The parent circuit-breaker is a bit confusing, but out of the box (as of ES 7.x) is 70% of HEAP. So, 8.6GB is 70%, then HEAP is 12.28GB. This told me which nodes were having the problem.

The fix for this isn't nice. I needed to do two things:

  1. Increase the parent circuit-breaker to 80% to get things moving again (the indices.breaker.total.limit cluster setting). And clean up all the damage caused by hitting this breaker. More on that in a bit.
  2. Look deeply into my Elasticsearch schema to identify field-sprawl and fix it. As this was our Logging cluster, we had a few Java apps that log in deeply nested JSON datastructures causing thousands of fields to be created, mostly empty.

There are a few reasons Elasticsearch sets a limit for the maximum fields per index (index.mapping.total_fields.limit) and we ran into one such reason: field-sprawl caused by JSON-deserializing the logging from (in this case) Java applications. Raising the circuit-breaker only goes so far,  the Compressed Ordinary Object Pointer feature of Java puts a functional HEAP ceiling around 30GB. Throw more resources at it has a ceiling, so you will have to fix the problem sometime.

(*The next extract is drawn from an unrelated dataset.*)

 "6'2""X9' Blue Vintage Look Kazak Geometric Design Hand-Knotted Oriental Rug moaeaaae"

In our case, running nodes with 30GB of HEAP is more expensive than we want to pay so fixing the problem now is what we're doing. Once we get the schema issue fixed, we'll lower the parent breaker back to 70%.

The symptom we saw that told us we had a problem was a report from users that they couldn't search more than day in the past (we rotate logging indexes once a day) in spite of rather more days of indexes being available. Going to Index Management in Kibana and looking at indexes we saw that only a few indexes had index stats available; the rest had no details about document count or overall index size.

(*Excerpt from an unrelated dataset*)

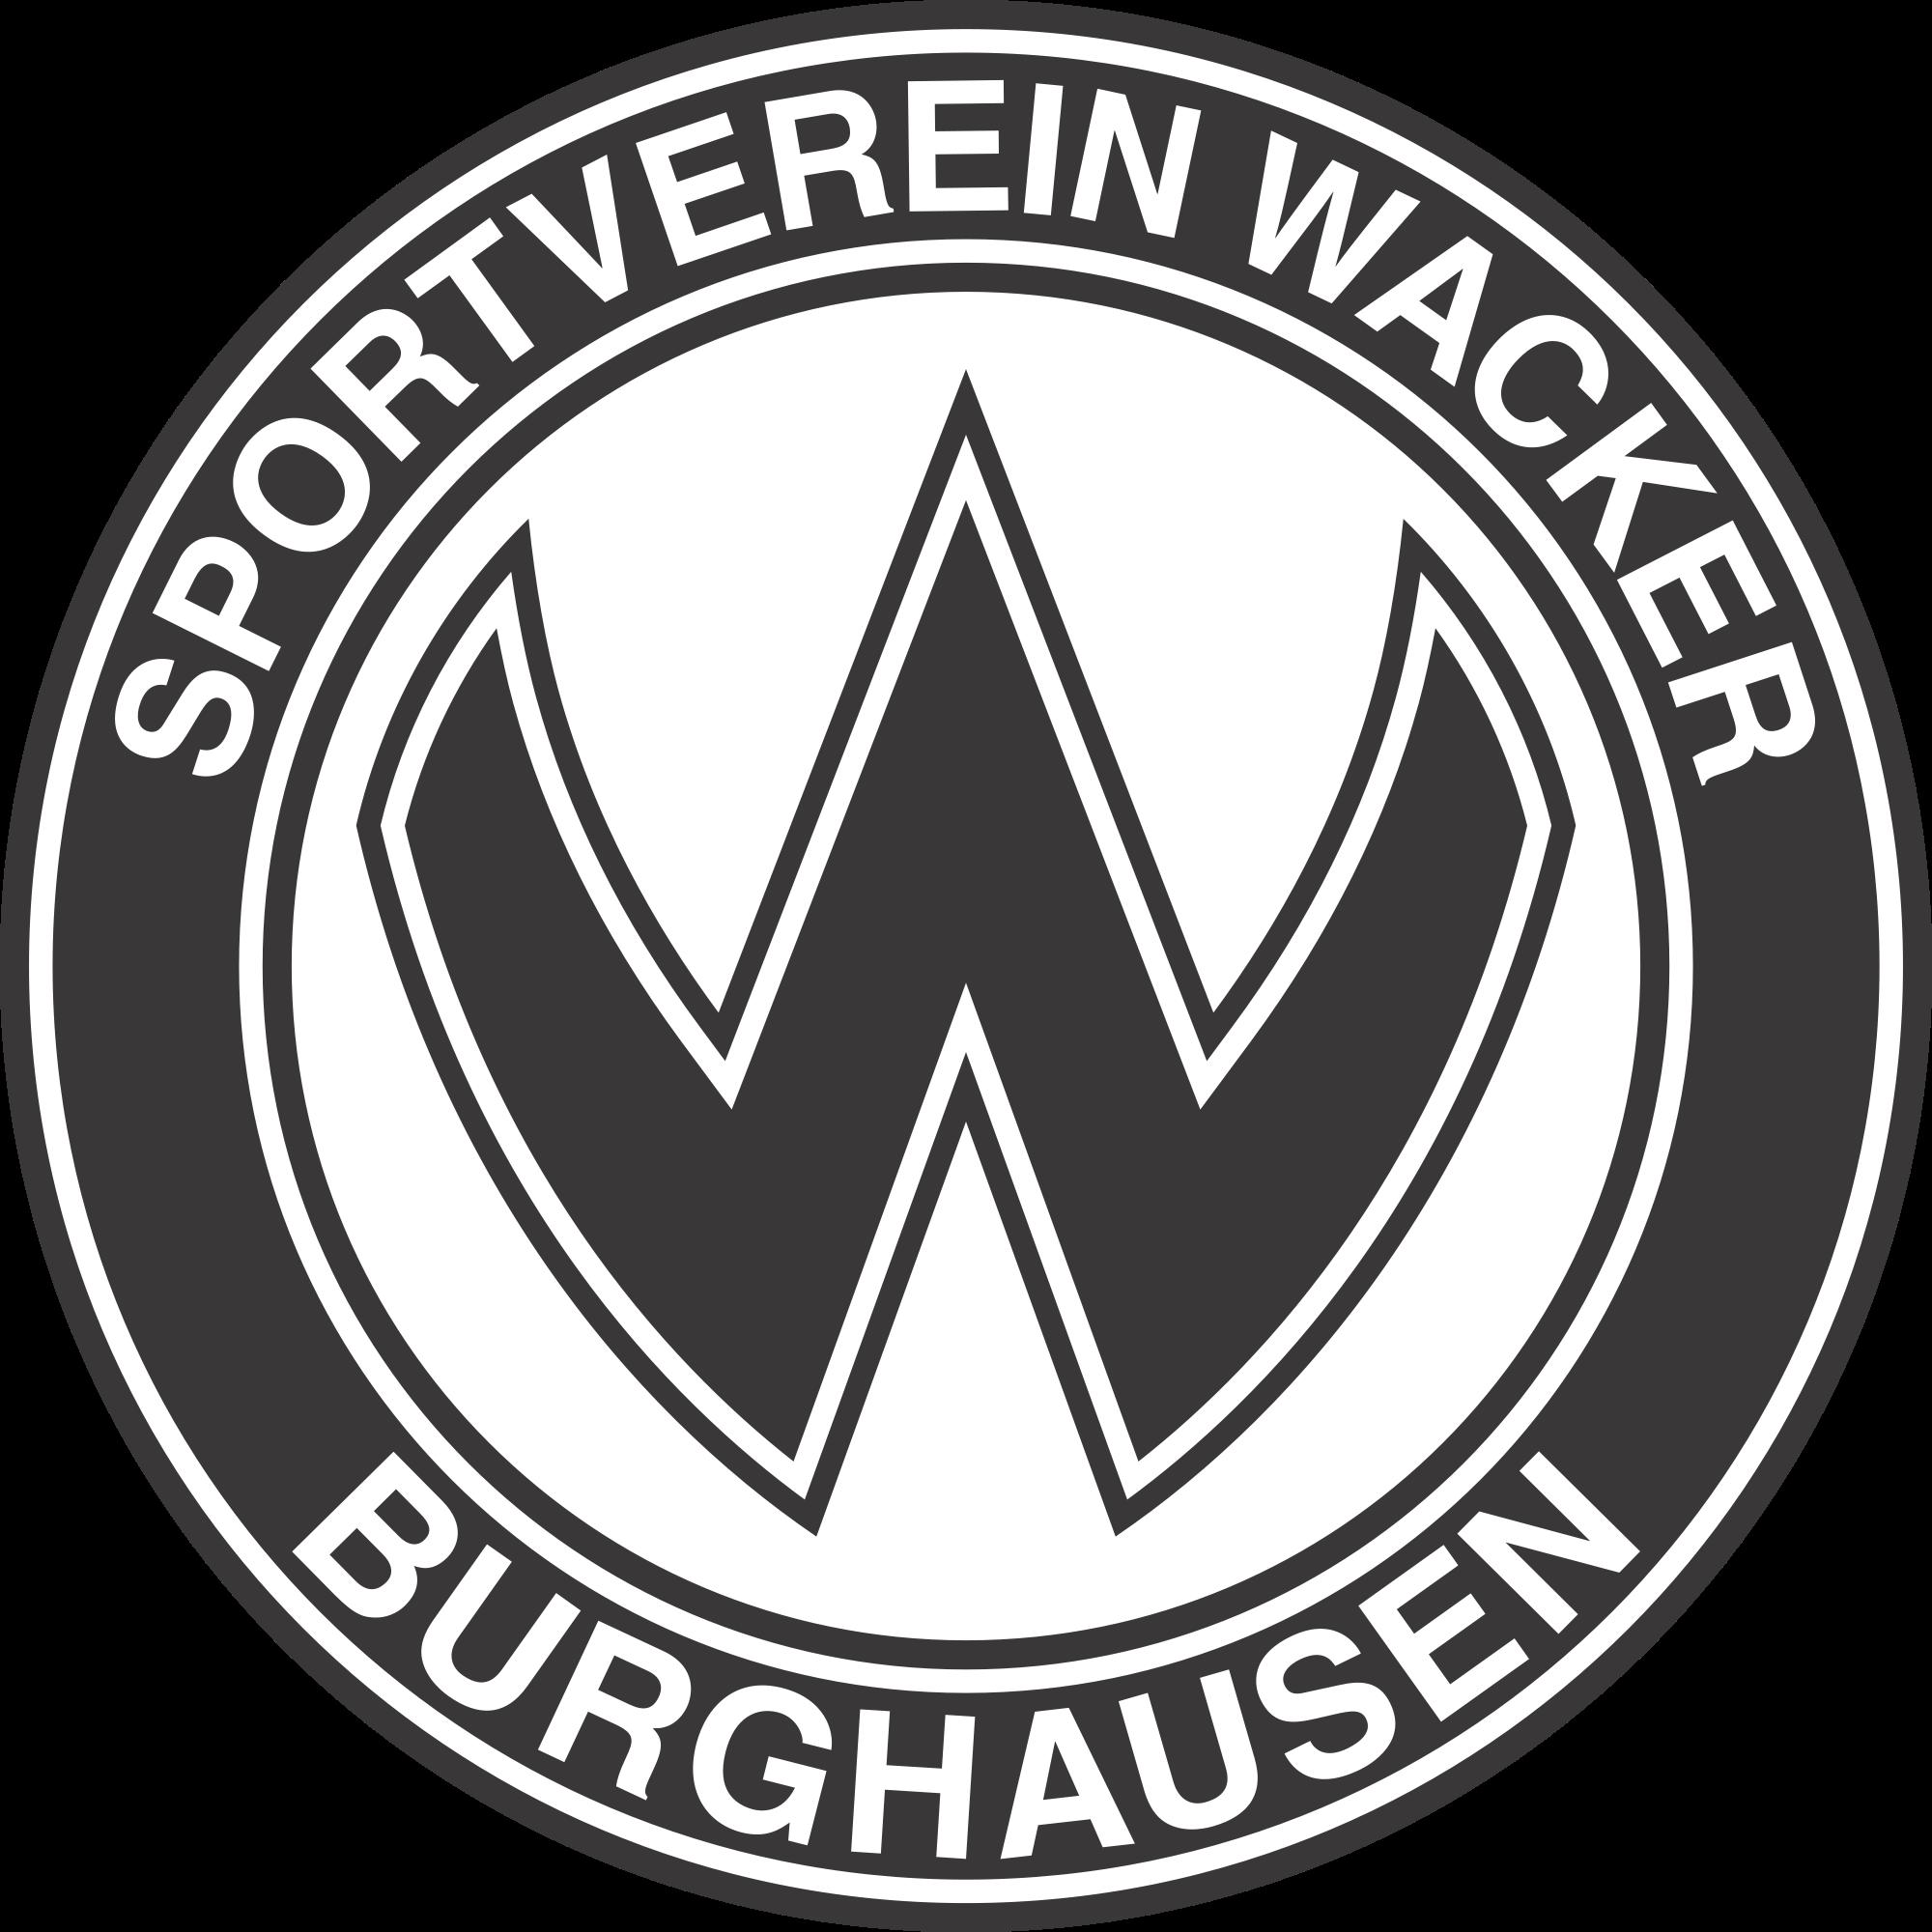 SV Wacker Burghausen / Burghausen / Bavaria / Germany

Using the Tasks API we got a list of all tasks in process, and found a large number of "indices:monitor/stats" jobs were failing. This task is responsible for updating the index statistics Kibana uses in the Index Management screens. Without those statistics Kibana doesn't know if those indexes are usable in queries.

Cleaning up after this was complicated by an node-failover that happened while the cluster was in this state. Elasticsearch dutifully made any Replica shards into Primary shards, but mostly couldn't create new Replica shards because those operations hit the circuit-breaker. Did you know that Elasticsearch has an internal retry-max when attempting to create new shards? I do now.

Even after getting the parent breaker reset to a higher value, those shards did not recreate: their retry-max had been hit. The only way to get those shards created was to close the affected indexes (using the indexname/_close API) and re-open them. That reset the retry counter, and the shards recreated.